A Los Angeles County Superior Court judge said Gardner Compton violated neighborhood residents’ rights by preventing them from driving on the narrow roadway they have used for decades.
Judge David P. Yaffe said he will decide next month whether to make the ban on Compton’s gate permanent.
Compton, a 76-year-old Emmy-winning former TV producer and writer, erected the steel gate across Forest Park Drive last week.
The one-lane roadway crosses property he owns through a private trust.
But improvements to the road must be made before he and other landowners on the hillside above Lincoln High School can construct new homes in the area. A dispute over who should pay for the street’s widening and paving has simmered for years.

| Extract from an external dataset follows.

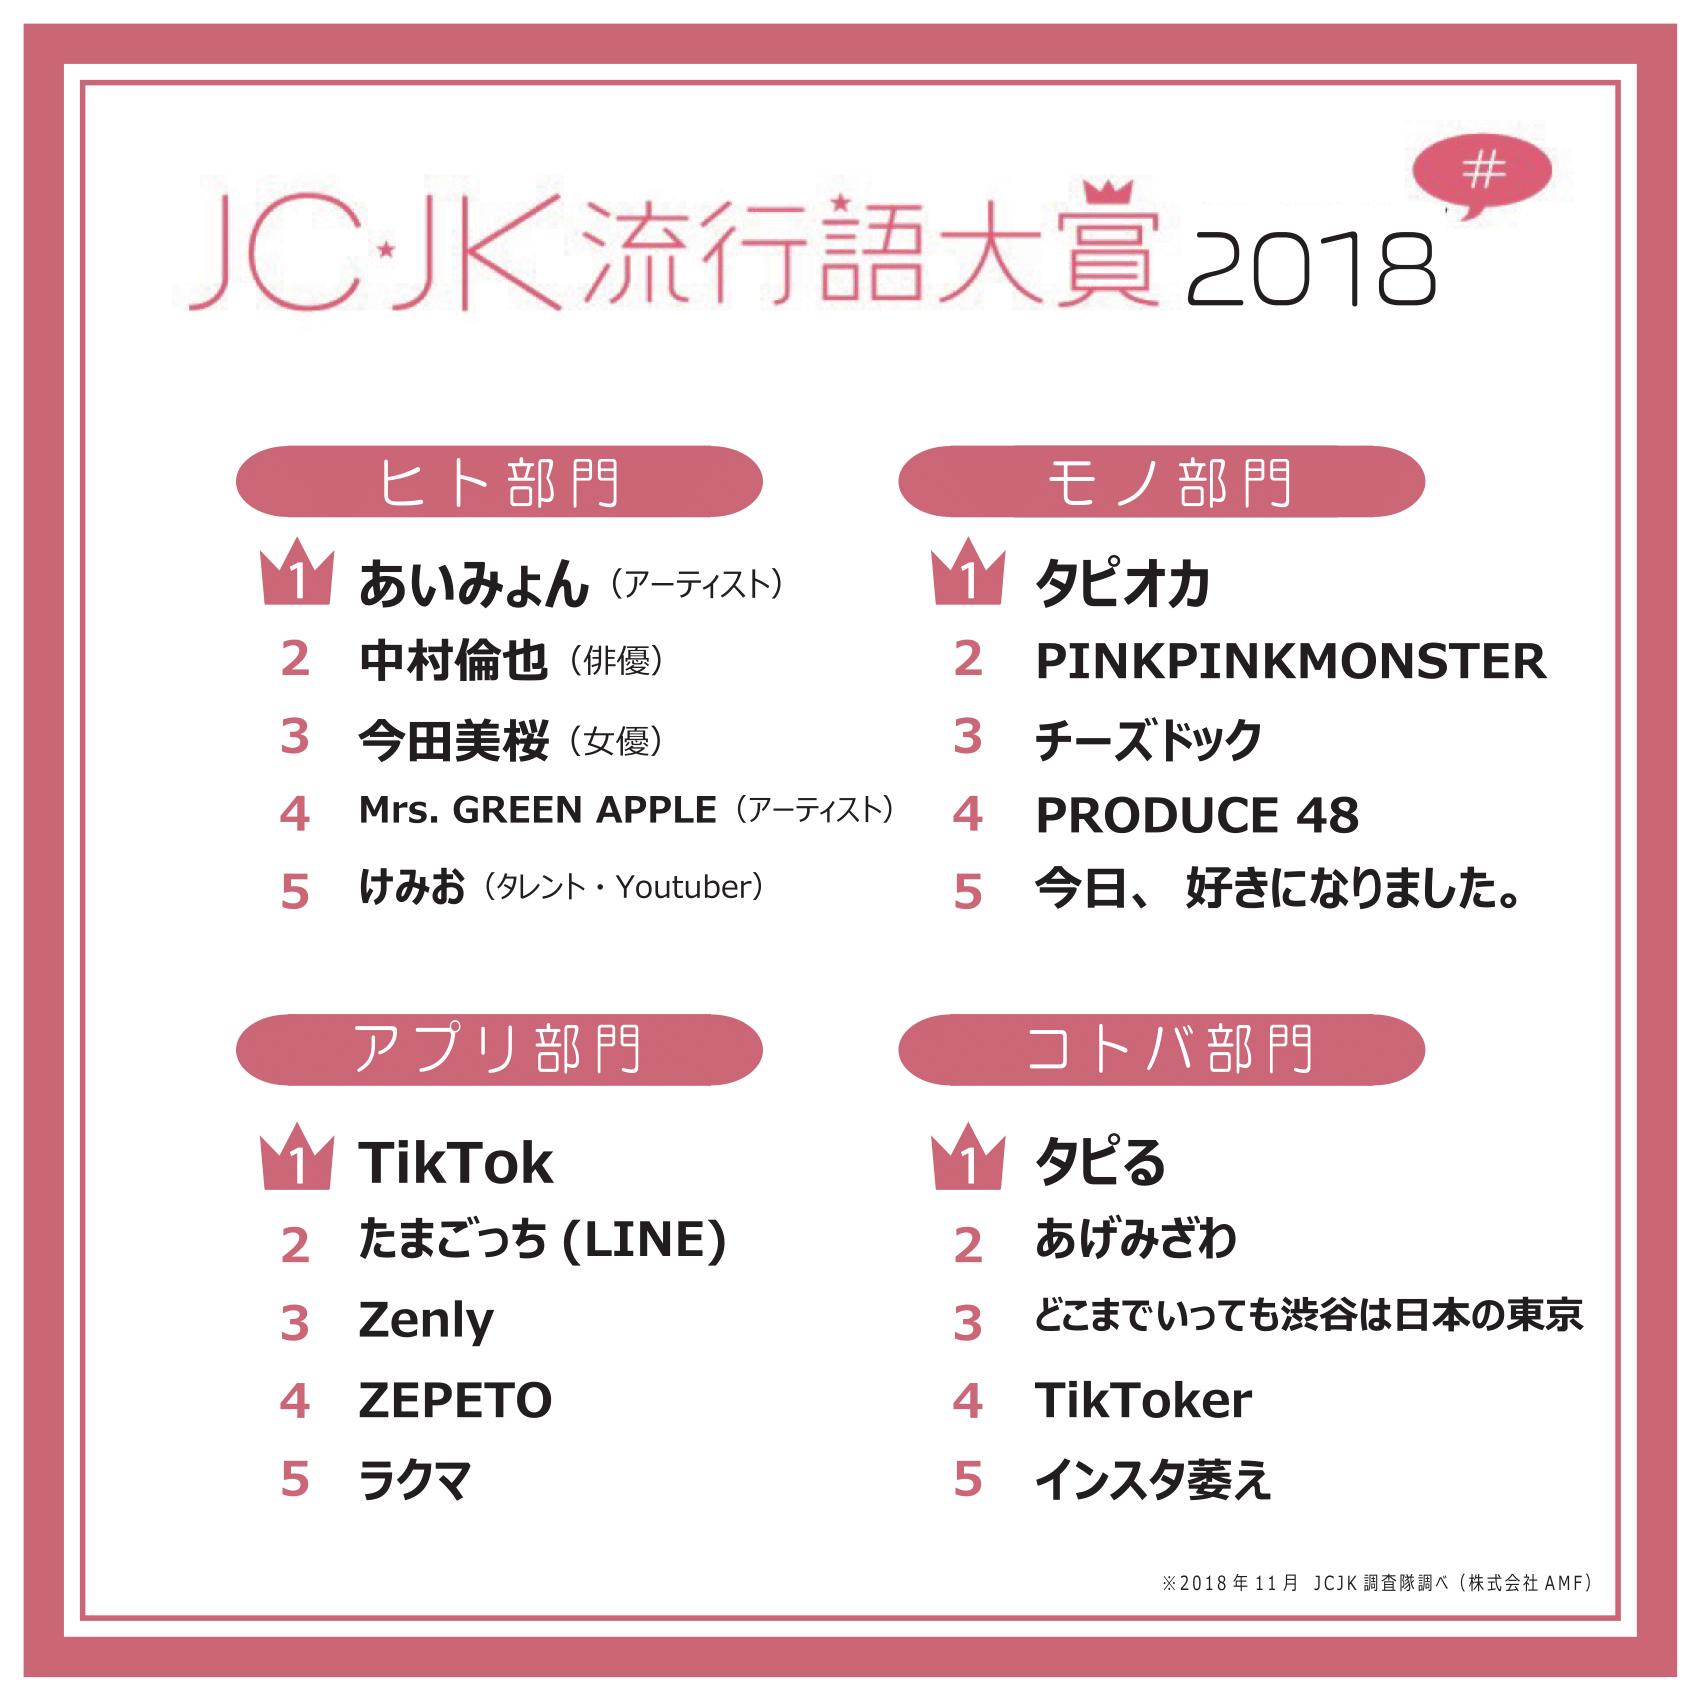 JC・JK流行語大賞2018&2019トレンド予測を発表「タピる」「TikToker ...

“This is a little test of property rights,” Compton said of the gate earlier this week. “It’s got everyone’s attention.”
Compton told Yaffe that he has offered to dedicate his portion of the road to the city.
He insisted that the gate was not preventing Forest Park Drive’s 18 residents from coming and going from their houses because there is an alternate way in and out.
Residents have disputed that, arguing that the only other access is by foot over a steep trail and wooden staircase or across a field and up a steeply sloped hill -- a route that would require a four-wheel-drive vehicle.
The temporary restraining order was sought by residents Ilse Ackermann and her husband, Meeno Peluce. In court papers, they asserted they had freely used Forest Park Drive since purchasing their home in late 2002 from Compton.
“If they’ve been using this road for five years, why don’t they have a prescriptive easement” that allows them to continue driving on it? Yaffe asked Compton. “They’ve used it openly and notoriously.”
He ordered Compton not to interfere with either vehicular or pedestrian access along Forest Park Drive.
A representative of the Los Angeles city attorney’s office attended the court session but did not participate.
Attorney Bruce Landau represented Ackermann and Peluce.
“We’re a little outraged we had to acquire private counsel,” Ackermann said afterward.
Peluce said the pair borrowed money from relatives to finance the case. “We’re doing this on behalf of the neighborhood,” he said.